Two days before his deadline, I finally reached Capote.
“How are you sending in the story?” I asked.
“I am in East Hampton, dearie. Can you send someone to pick it up?”
“I’ll come,” I said. We agreed to meet for lunch on Saturday at Bobby Van’s. My husband and I drove out. I was not sure he would show up. And if he did, would he have the manuscript?
He was half an hour late. My husband was about to order his second drink. But Capote was there, looking like a slightly embalmed version of himself, egg-like in a cap, without a wrinkle. He had done a lot of plastic surgery.
But we got along well. He liked that my husband was British. He told me he would write me more stories, maybe do some interviews for me. He knew everyone, of course, he said. He was full of ideas, he said.
In the car ride home, I read the story, “One Christmas.” It was handwritten, without cross-out or an addition. It looked like he had written it in one go. It was really a memoir, quite like the first pieces he had written when he was starting his career. It was about his visiting the father he hardly knew in New Orleans at Christmas when he was eight years old and manipulating his father into buying him the expensive present he wanted. I thought it was very good and very sad.
After that, Capote would call every few months and suggest we have lunch at Le Grenouille. He had another idea for me. I would sit behind one of the lavish floral arrangements waiting for him to turn up. Sometimes he was an hour late
When he finally arrived, he had no ideas but insisted we order both the Grand Marnier and chocolate soufflé, which I just had to taste.
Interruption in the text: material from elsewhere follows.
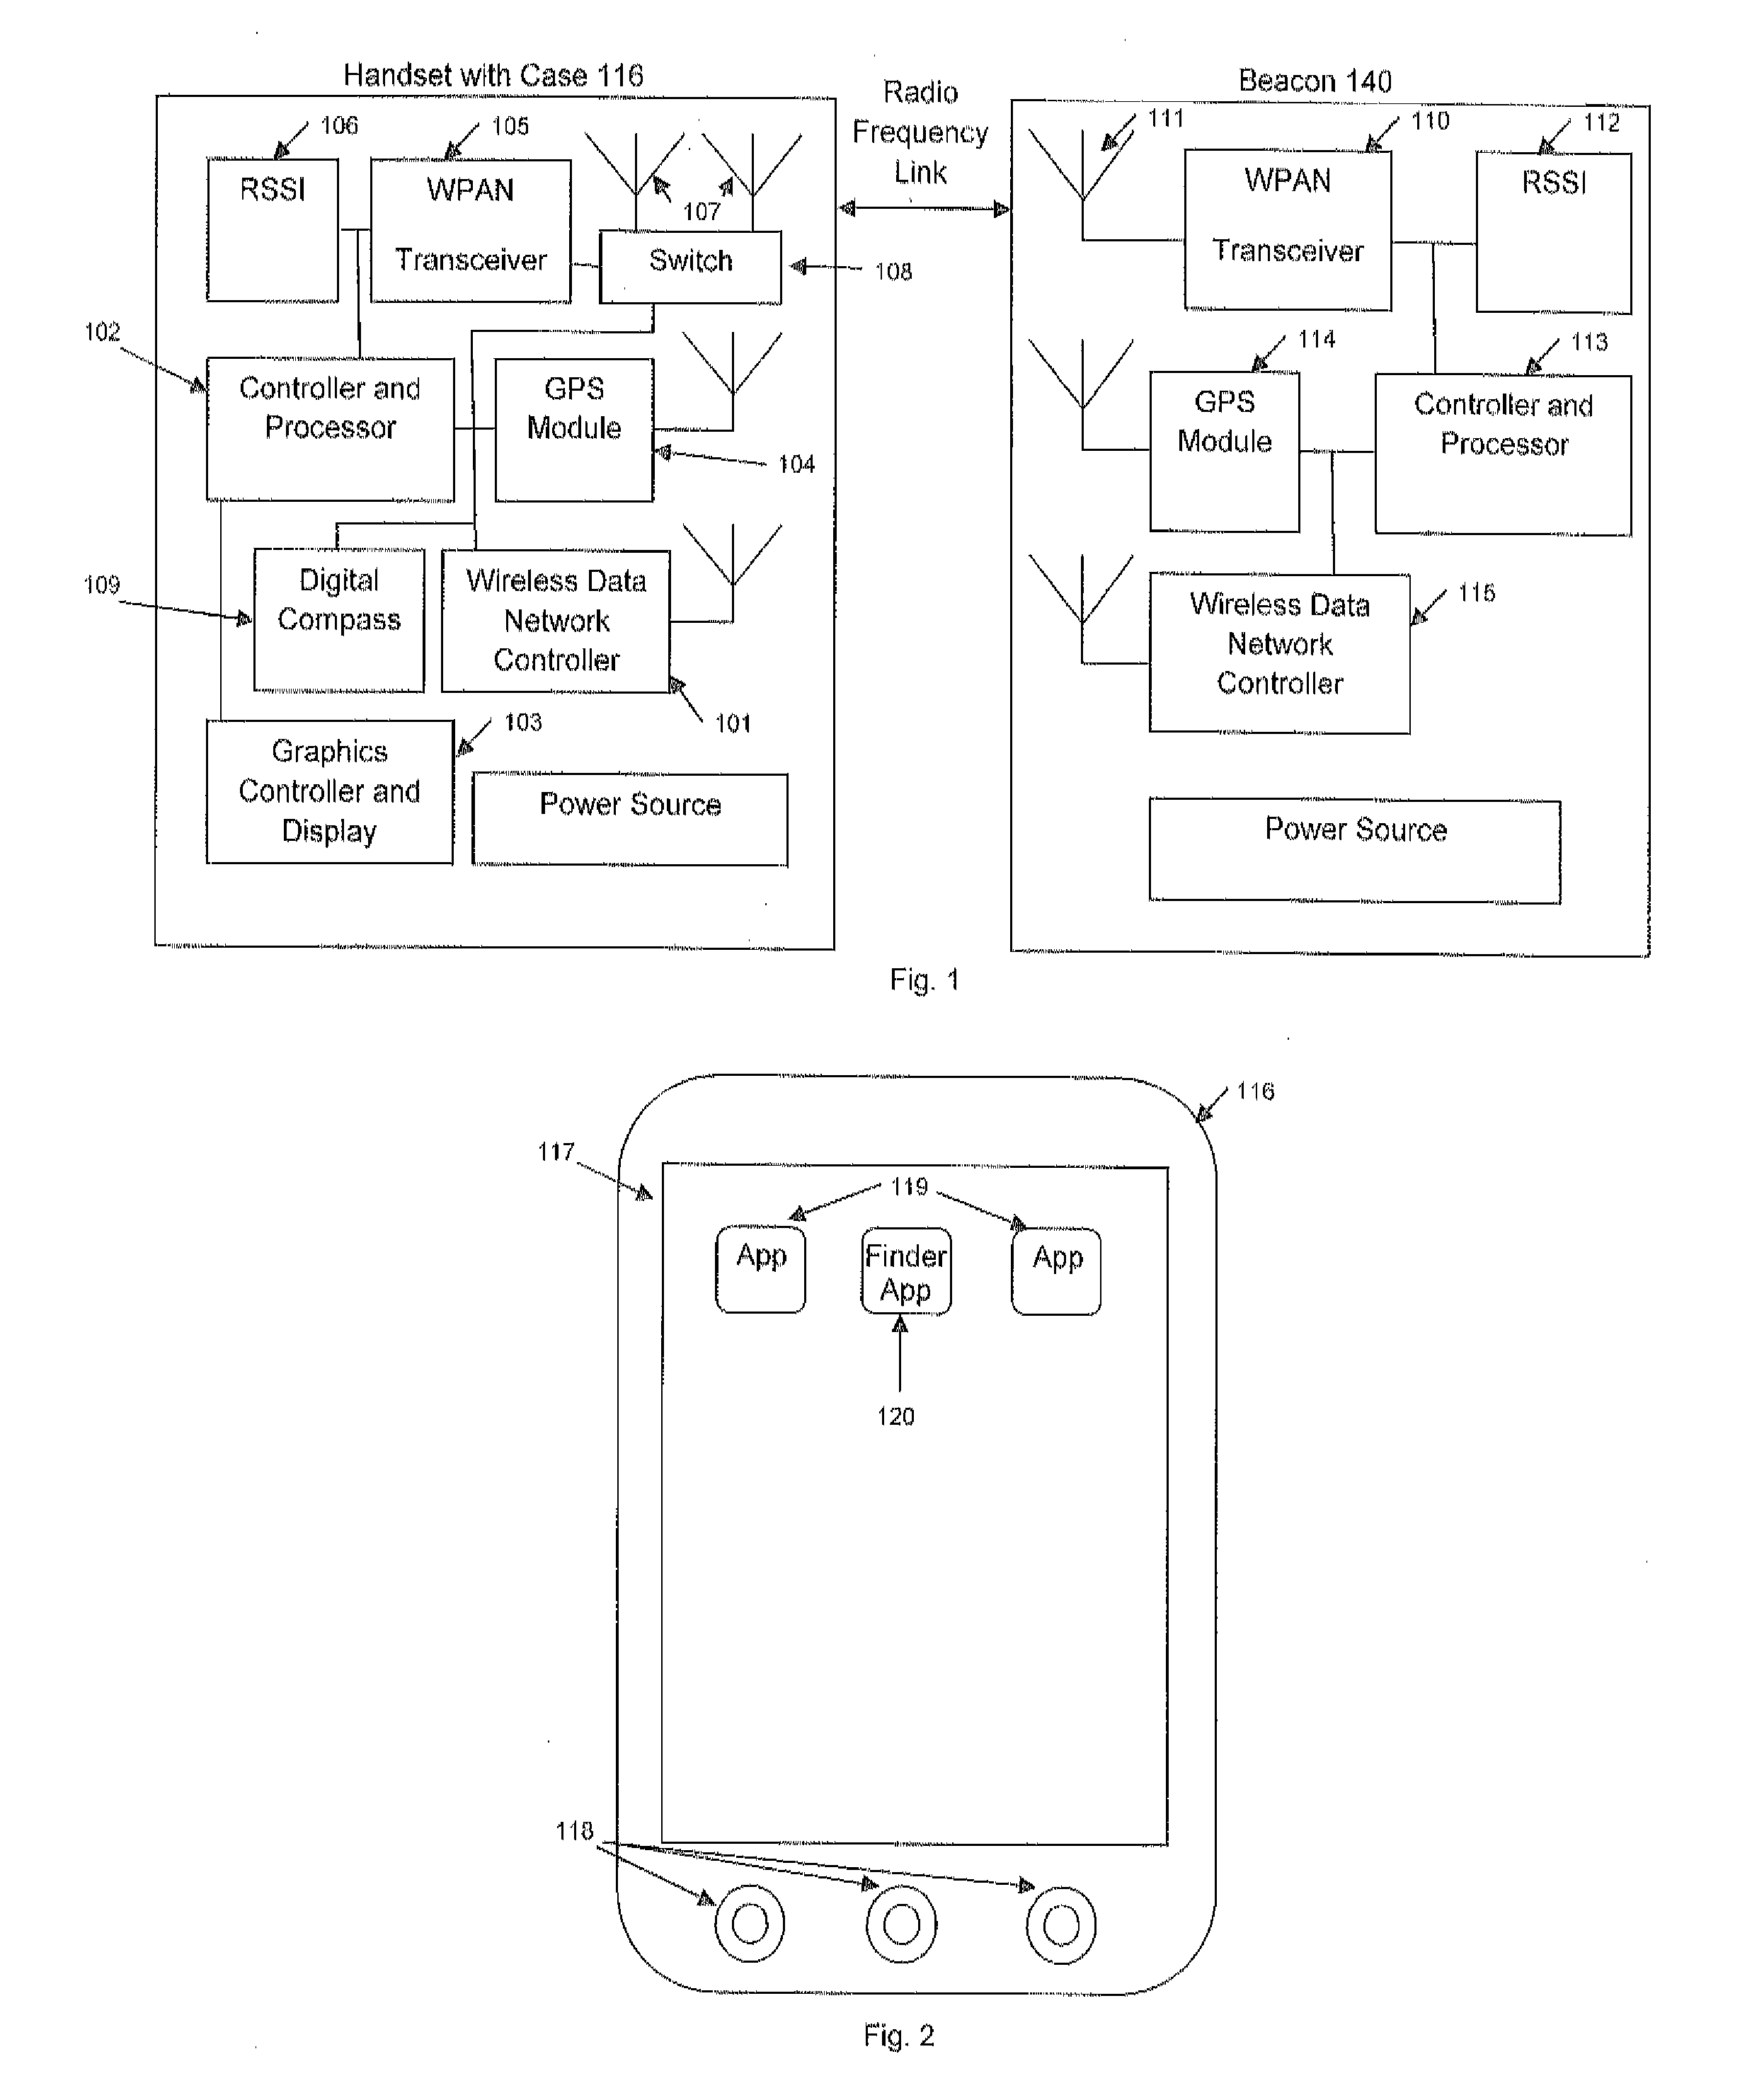 Apparatus and Method for Using a Wireless Mobile Handset Application to Locate Beacons

By the end of the lunch, he was so sleepy I would get a car and take him back to his apartment at the UN Plaza.
The last lunch we had, he was very paranoid and told me that there were plots against him and someone was planning to kill him. After that he moved to California and died a few months later.
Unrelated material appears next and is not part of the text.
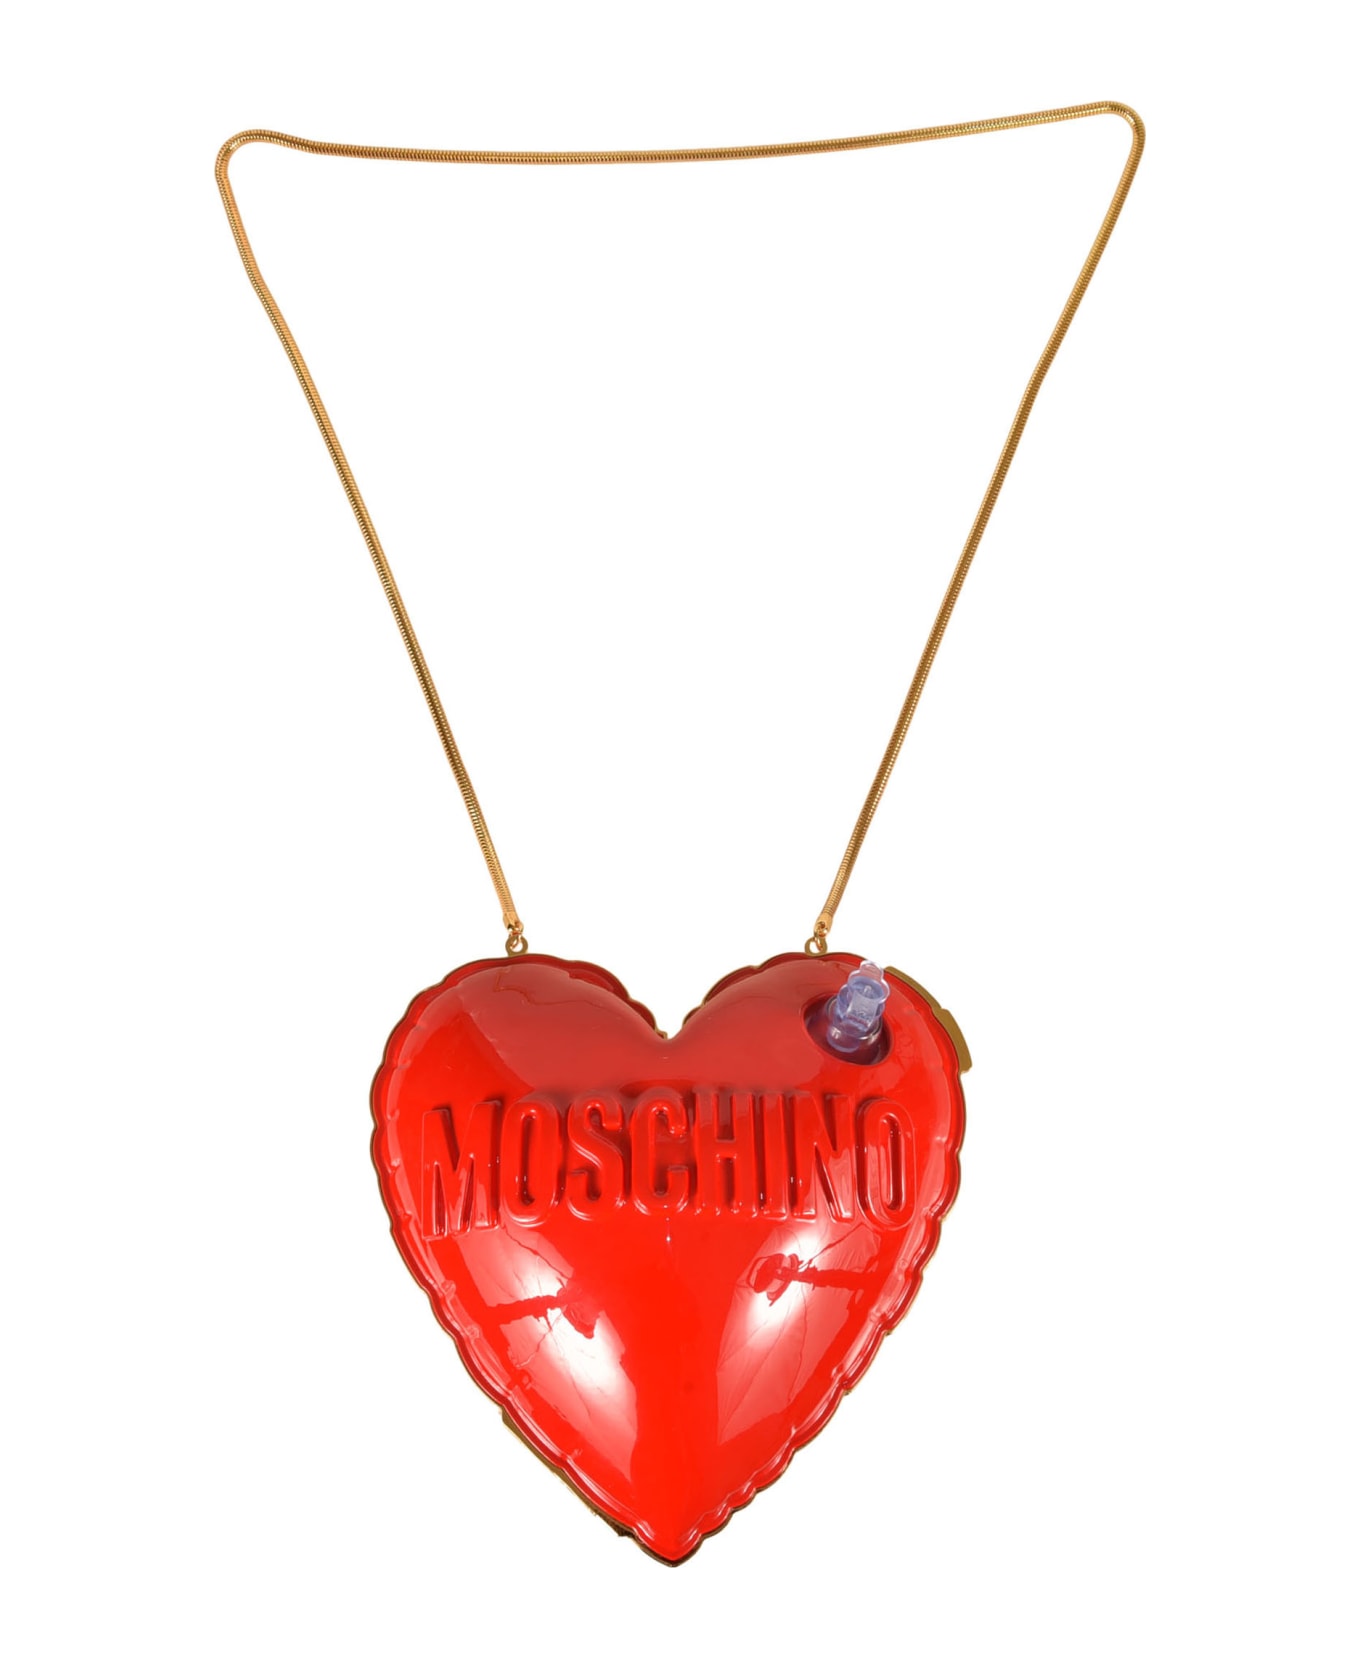 Moschino Inflatable Heart Shoulder Bag - 0112

Recently I looked at that long-ago issue—December 1982. The memoir is in it though not that prominently featured. The issue is filled with holiday recipes, holiday decoration, an essay from former First Lady Betty Ford who, because of her honesty about her drinking and her breast cancer, was very popular with our readers. And there are ten pages of cigarette advertisements, which we badly needed at that time.
On the cover is the little girl from E.T., Drew Barrymore, looking adorable, holding a box overflowing with Christmas cookies and smiling sweetly. Drew now has a daily talk show. She wanted to be on a recent cover of the AARP Magazine and receive an AARP membership card on her show. That’s because she wanted everyone to know she was 50 and finally happier with herself than she had ever been.
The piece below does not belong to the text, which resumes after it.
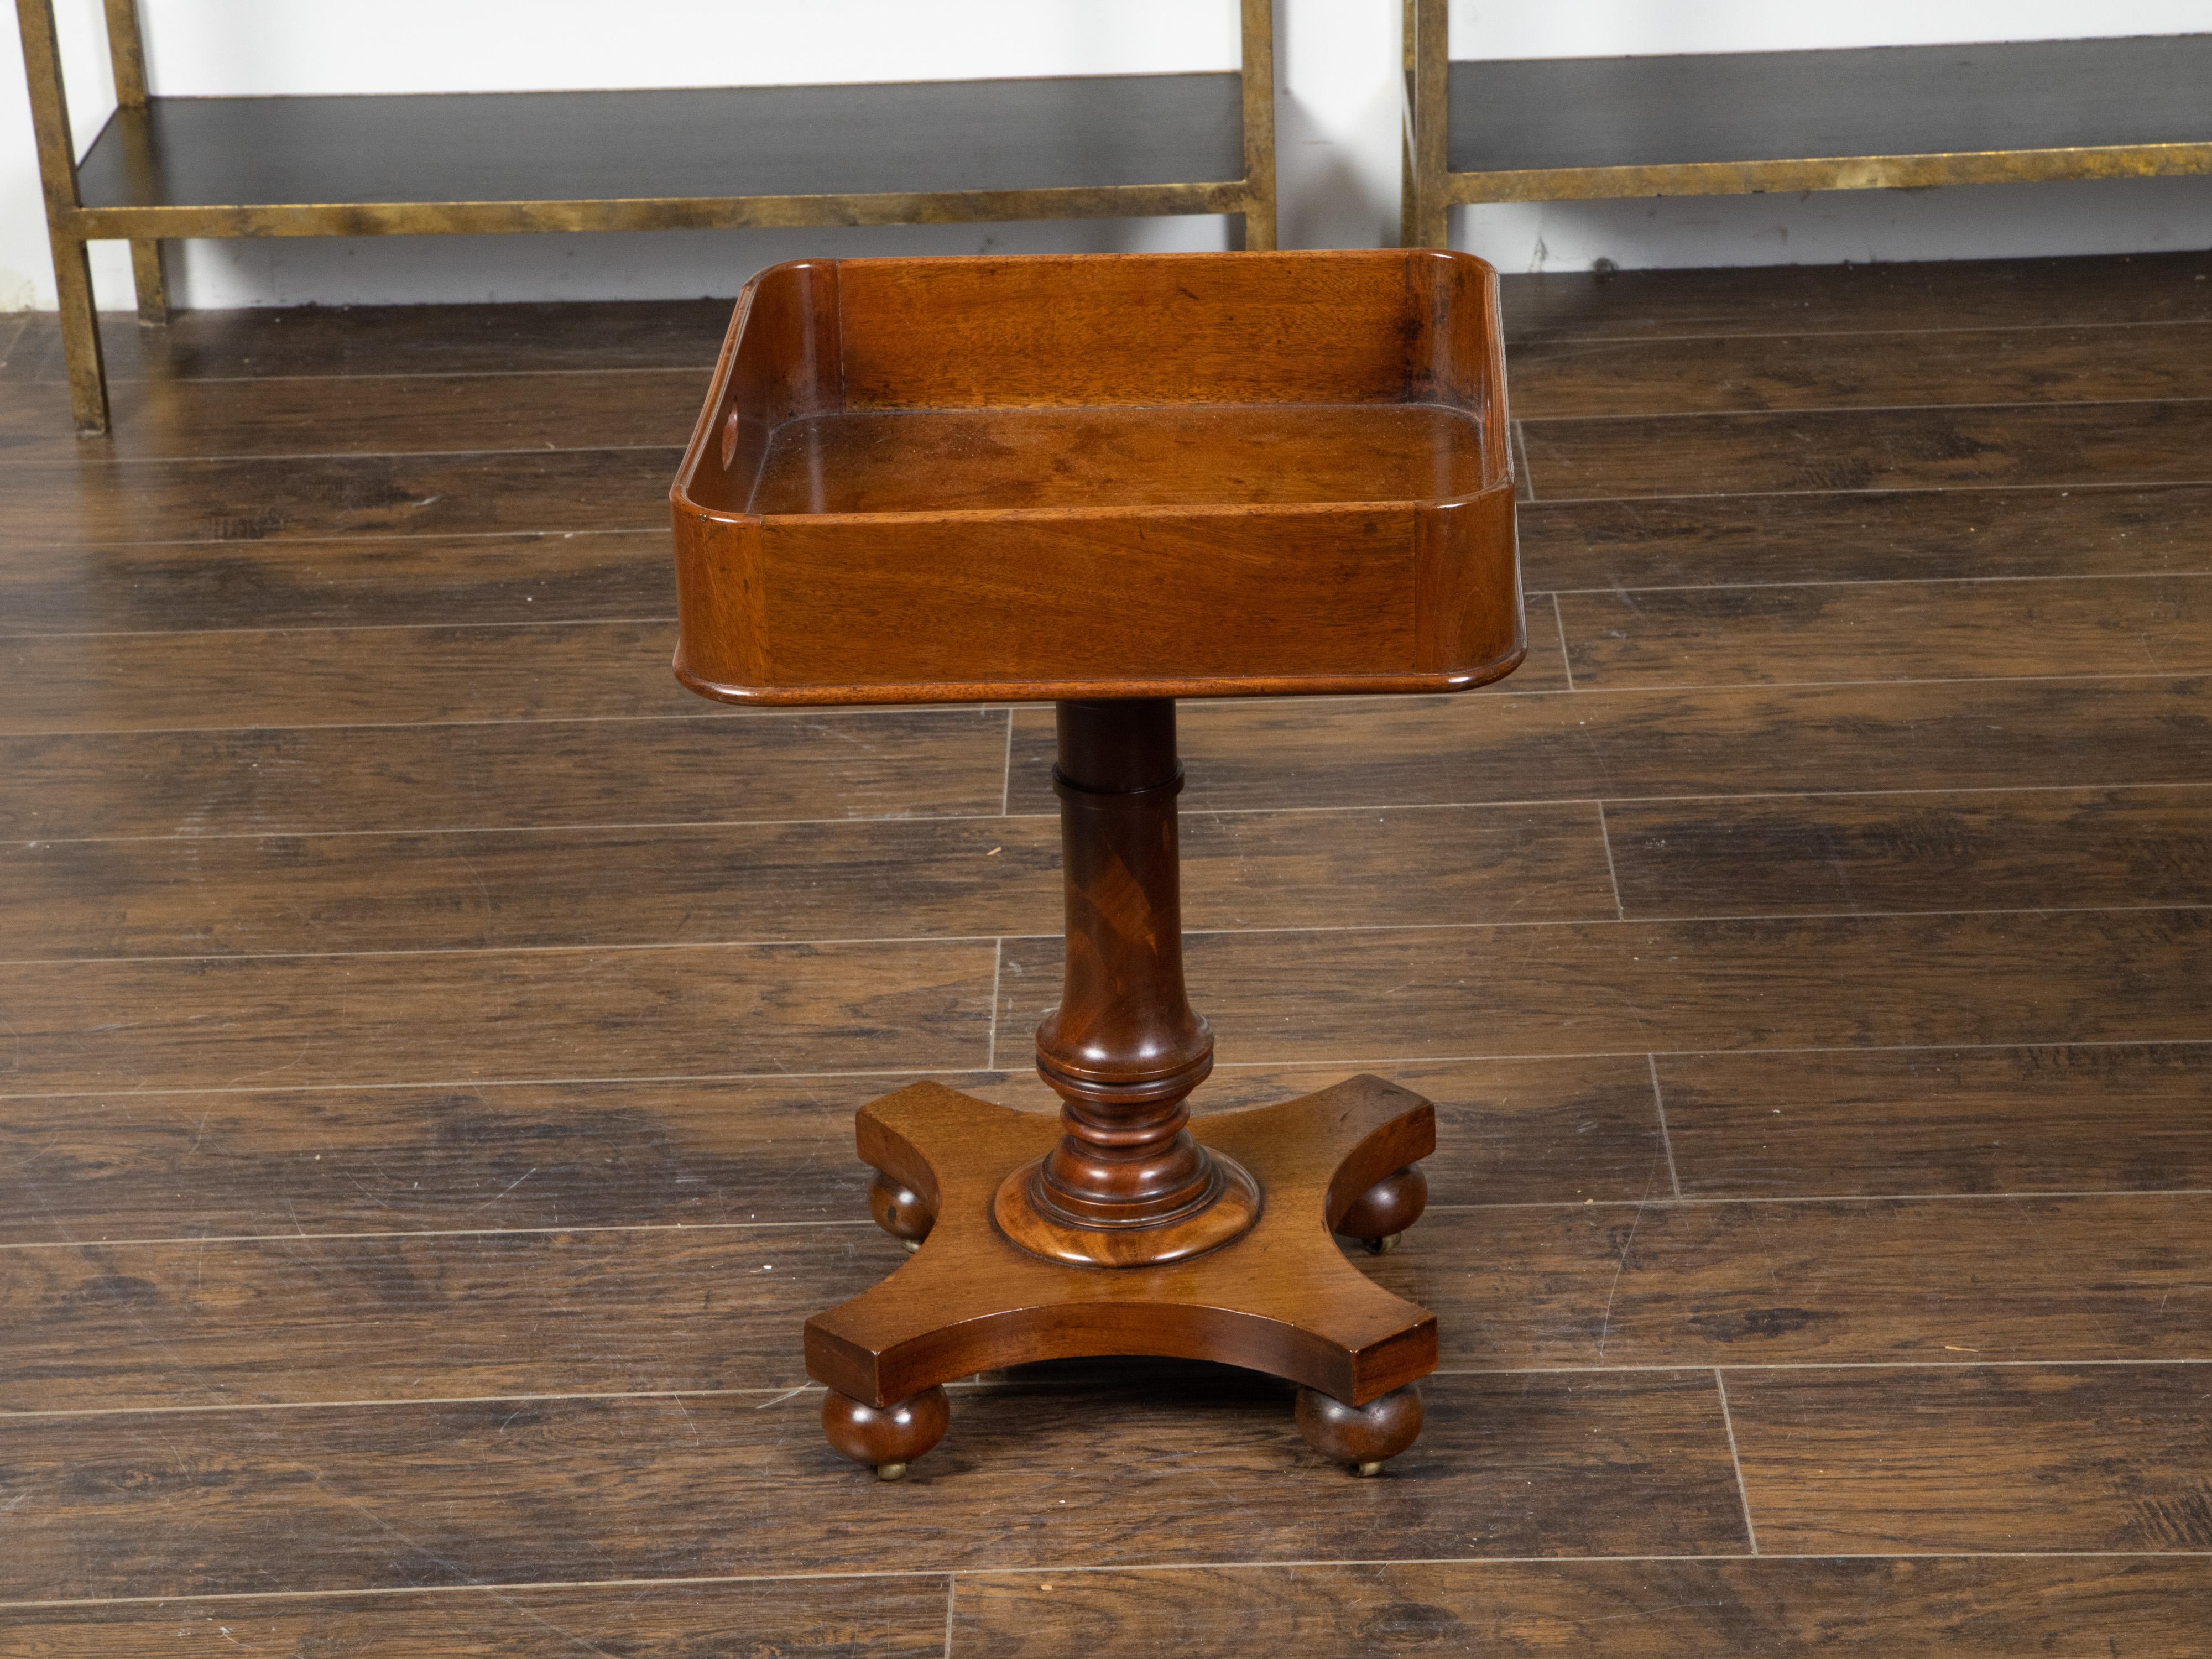 An English mahogany tray top table from the 19th century, with turned pedestal base and onion feet. Created in England during the 19th century, this mahogany table features a large tray top with lateral pierced handles, sitting above a turned

I still have Capote’s handwritten manuscript. I plan to donate it to the New
York Public Library where most of his papers are kept.
Do you miss the short stories in women’s magazines?






Myrna, that is a great story. Capote was a wonderful writer who was seduced by fame. He is remembered for In Cold Blood and for anecdotes of his social life. Too bad he couldn’t have had a more productive career and life.
Myrna,
Ten thousand dollars in 1981? You were able to offer it without consulting with the publisher? I would have wanted Capote in the magazine, too, but that was a lot of money. I don't think you can put a price on a great piece, but did it pay off as an investment? And is it available to read somewhere?